Authors: Chaobin Li, Marta Binaghi, Vivien Pichon, Gina Cannarozzi, Loreta Brandao de Freitas, Mathieu Hanemian, Cris Kuhlemeier

Author of this page: Marta Binaghi

Genome sequence and annotation used in all the analyses: P. axillaris N version 4.03 (submitted to NCBI).

BSR-Seq

To identify the regions of the genome asssociated with the presence and abscence of the necrosis phenotype, we applied a BSR-Seq approach. This is similar to a BSA (bulk segregant analysis) but is performed on RNA-seq data. The approach is very similar to that used by Soyk et al. 2017 doi.org/10.1038/ng.3733.

We produced two F2 populations, coming from the crosses P. axillaris N X P. exserta and P. exserta X P. axillaris N. The plants from these populations were then phenotyped for the presence and absence of necrotic symptoms and were grouped accordingly. Note that in the article we only present the results from the cross P. axillaris N X P. exserta. The raw reads for the other cross are nonetheless available on SRA.
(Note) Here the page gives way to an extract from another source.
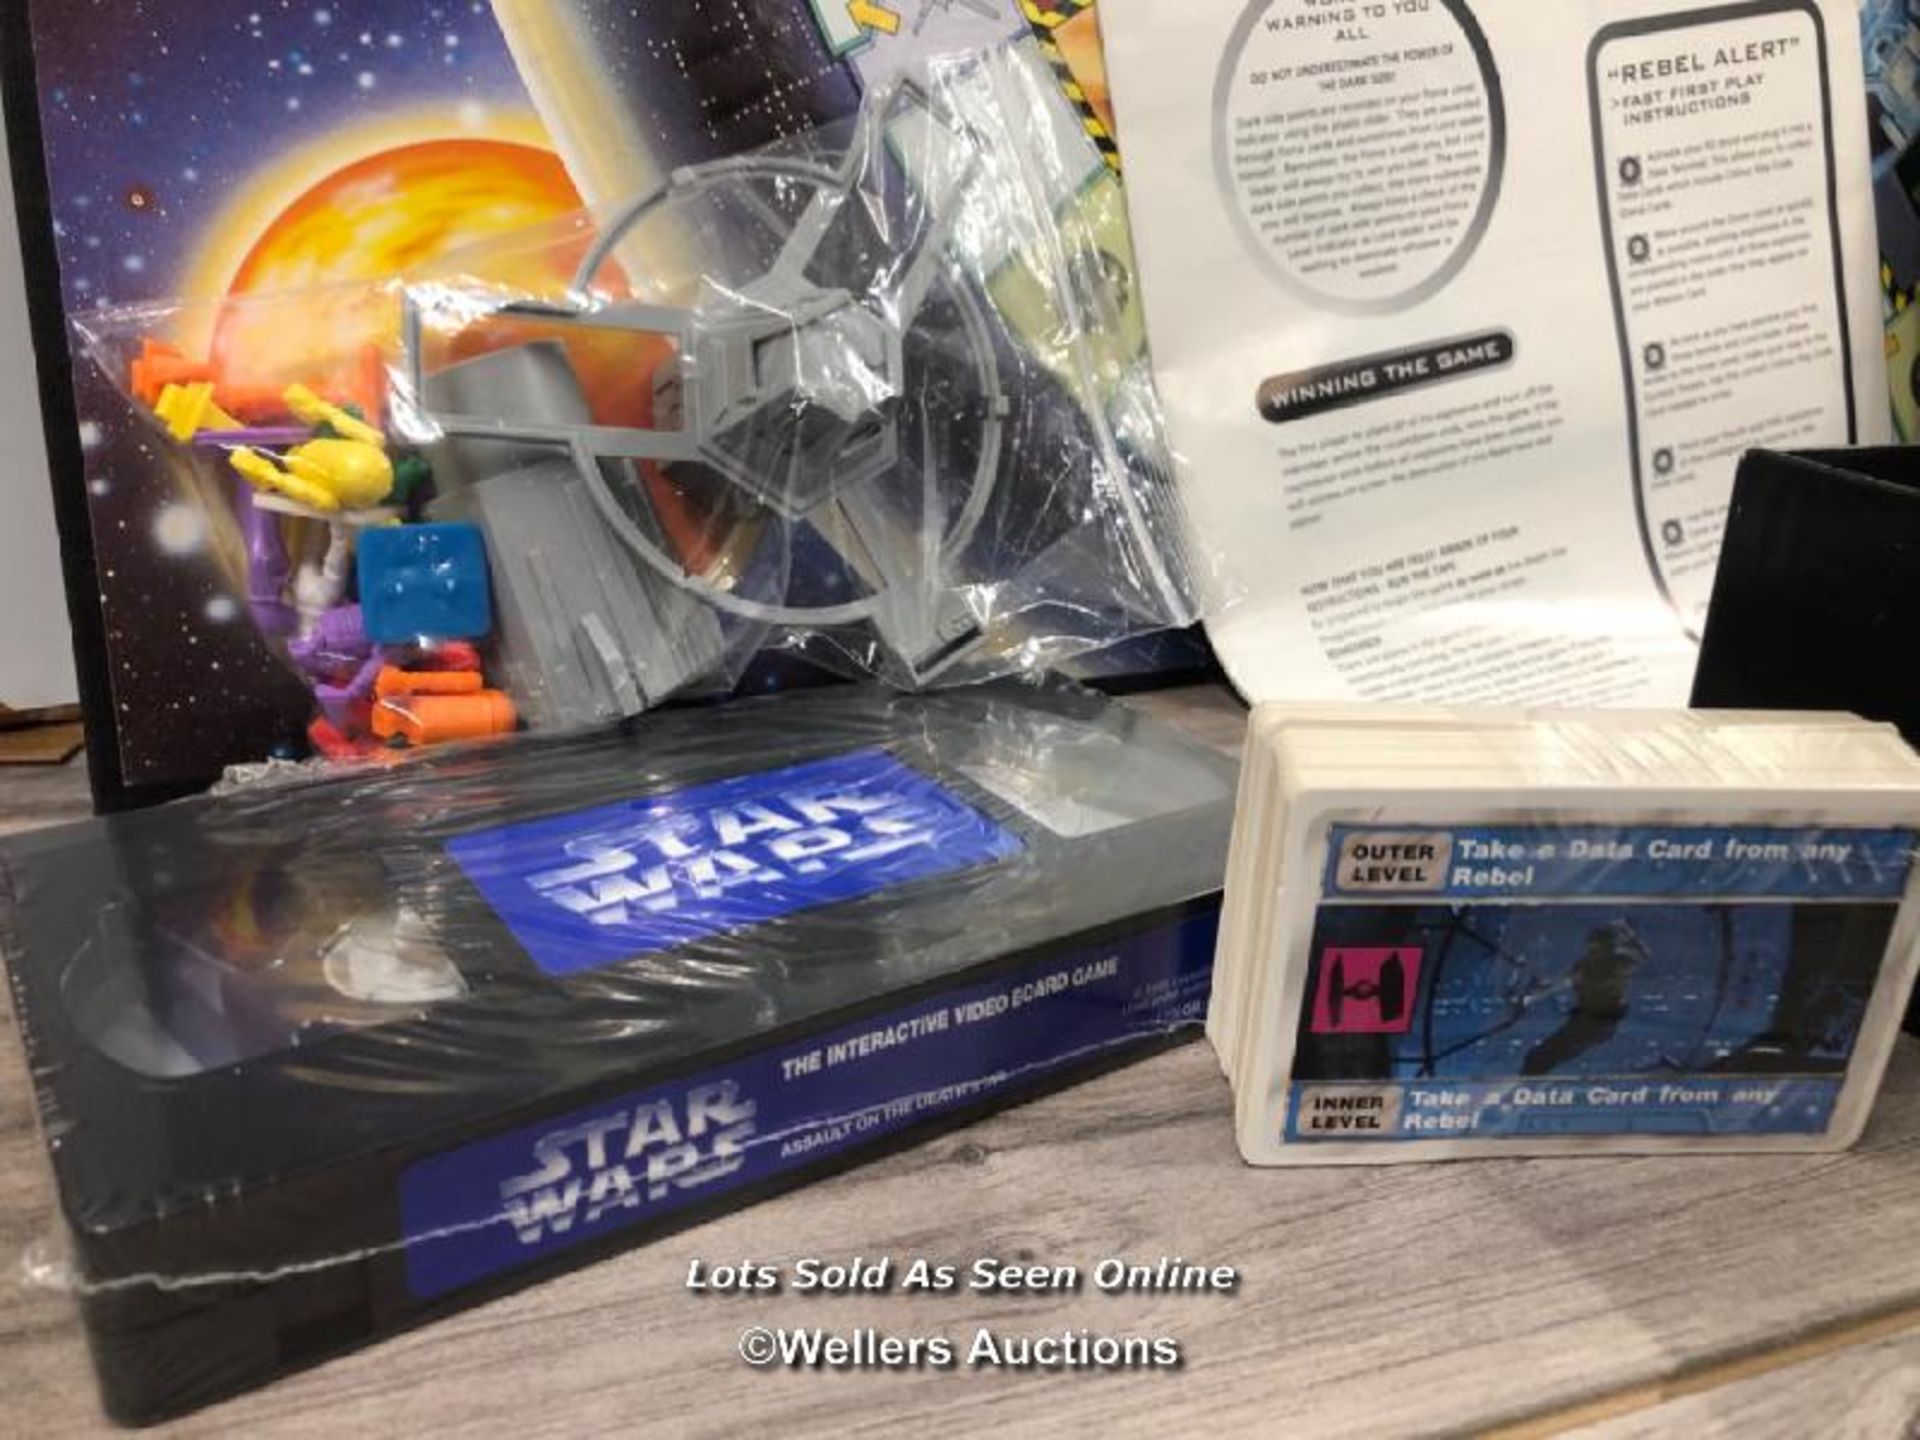 STAR WARS - 1990'S VHS BOARD GAME - Image 4 of 4

We performed RNA extraction (see article materials and methods for details), and pooled the necrotic individuals together in a sample, and the healthy individual in another sample.

Sequencing

Was performed by Novogene, with the Eukaryotic RNA-seq (polyA enriched library prep).

paired end reads
150 bp read length
250-300 bp insert cDNA library
Sanger Illumina 1.9 encoding

Raw reads

Are available on NCBI BioProject PRJNA708139, under SRA accessions:

SRR13907521: healthy individuals, P. exserta X P. axillaris N
SRR13907522: necrotic individuals, P. exserta X P. axillaris N
SRR13907523: healthy individuals, P. axillaris N X P. exserta
SRR13907524: necrotic individuals, P. axillaris N X P. exserta

Forward reads are numbered 1, reverse are numbered 2.
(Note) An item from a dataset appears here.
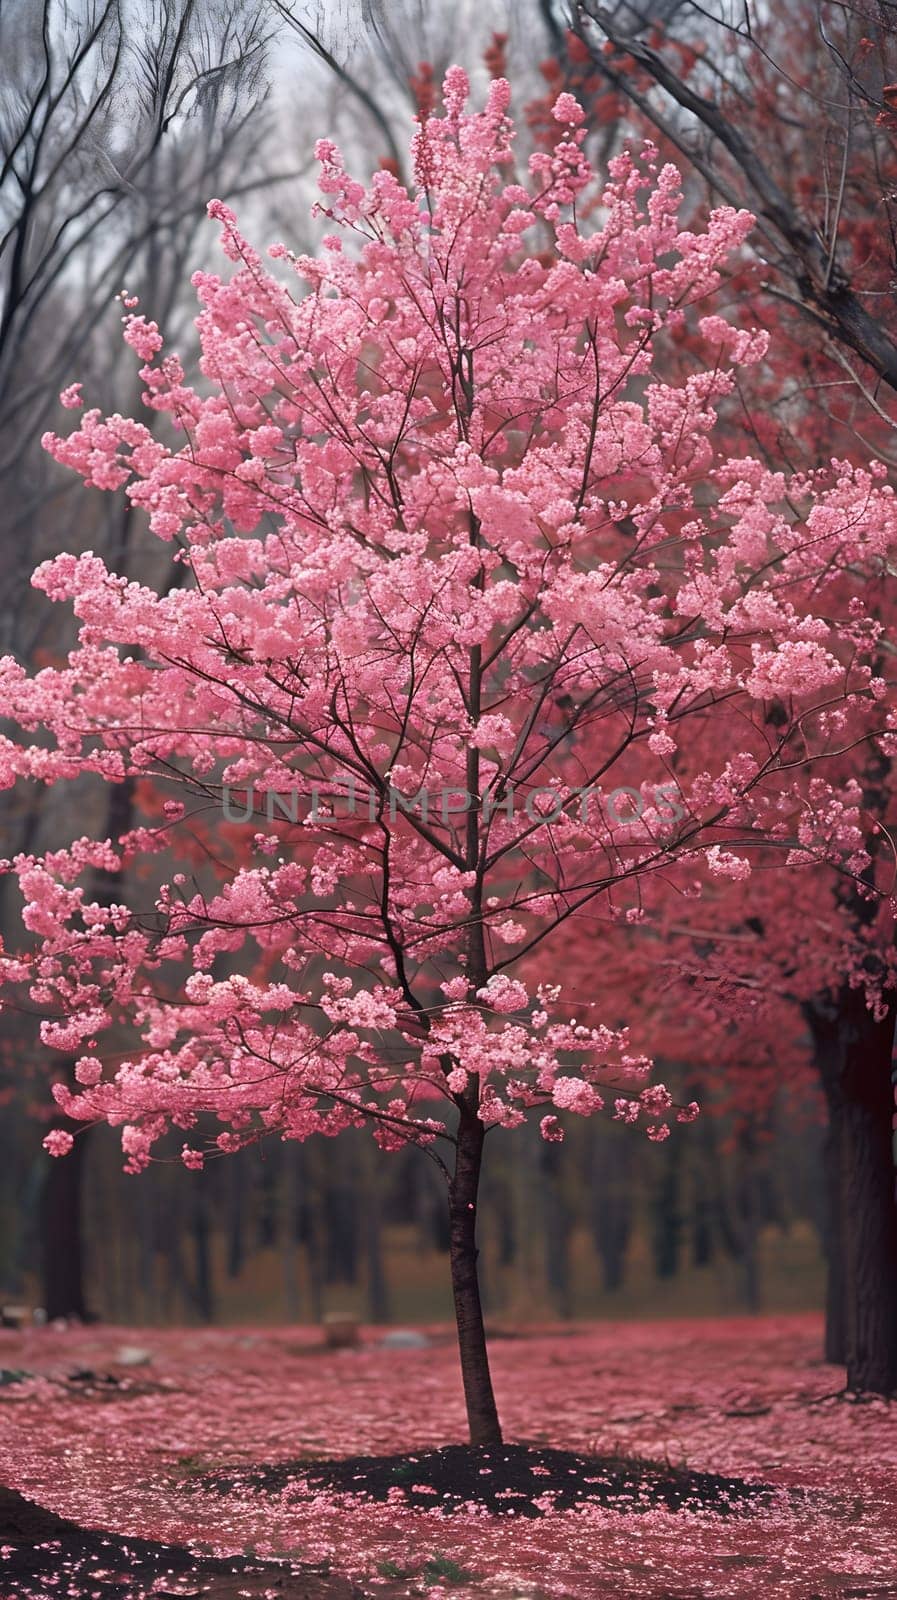 a cherry blossom tree with pink flowers in a park by Nadtochiy

Read quality assessment performed with fastqc. Reads trimmed with trimmomatic parameters LEADING:3 TRAILING:3 SLIDINGWINDOW:4:15 MINLEN:36. Script bsa01_quality_trim.sh.
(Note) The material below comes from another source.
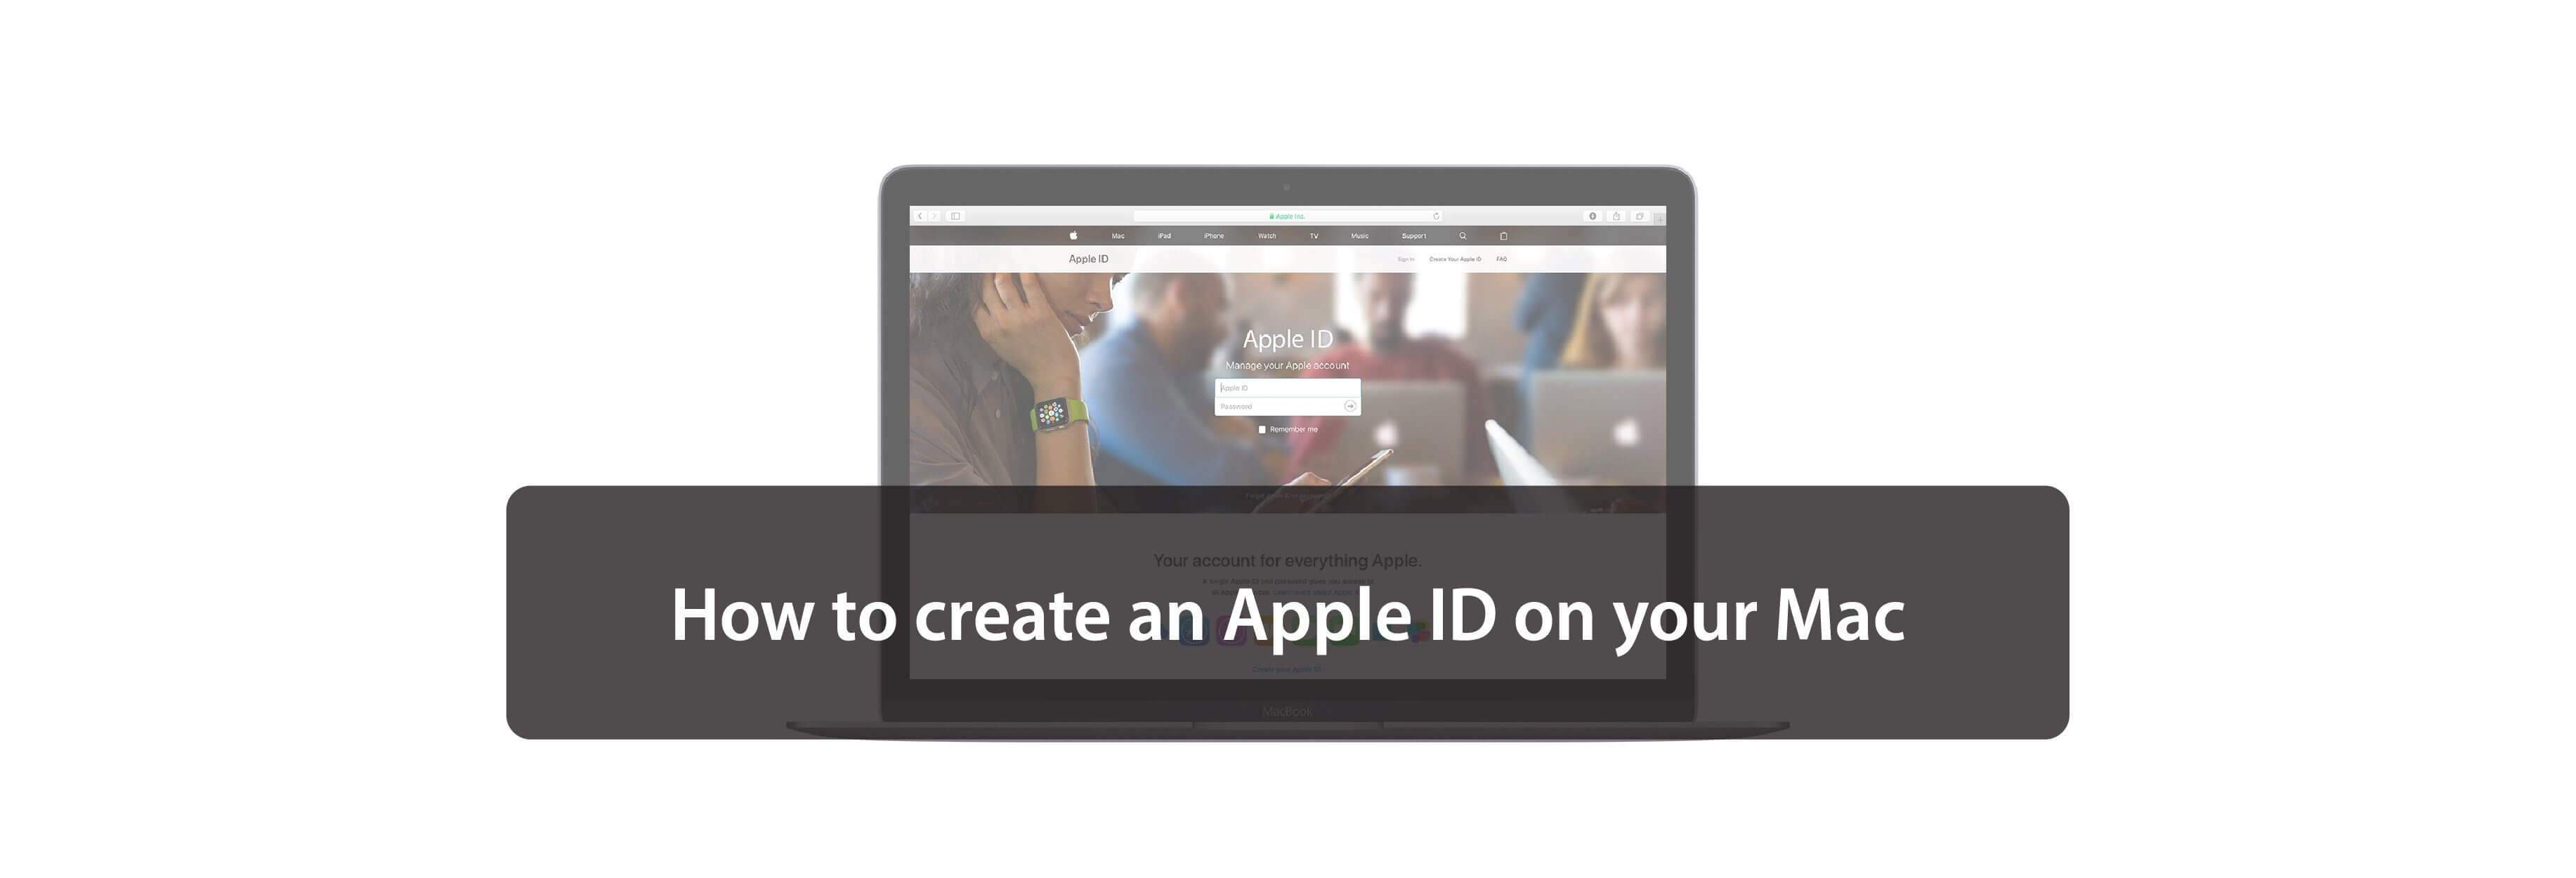 How to create an Apple ID on your Mac

Read numbers before and after cleaning listed in bsa_read_alignment_stats.csv.

Read alignment

Genome index with STAR: bsa02_STAR_index.sh.

Alignment with bsa03_STARmapping.sh.

--sjdbOverhang 149
--outFilterType BySJout
--outFilterMultimapNmax 20
--twopassMode Basic

Aligned reads number in bsa_read_alignment_stats.csv.

We then add the read group info in each bam file with bsa04_readGroup_index.sh.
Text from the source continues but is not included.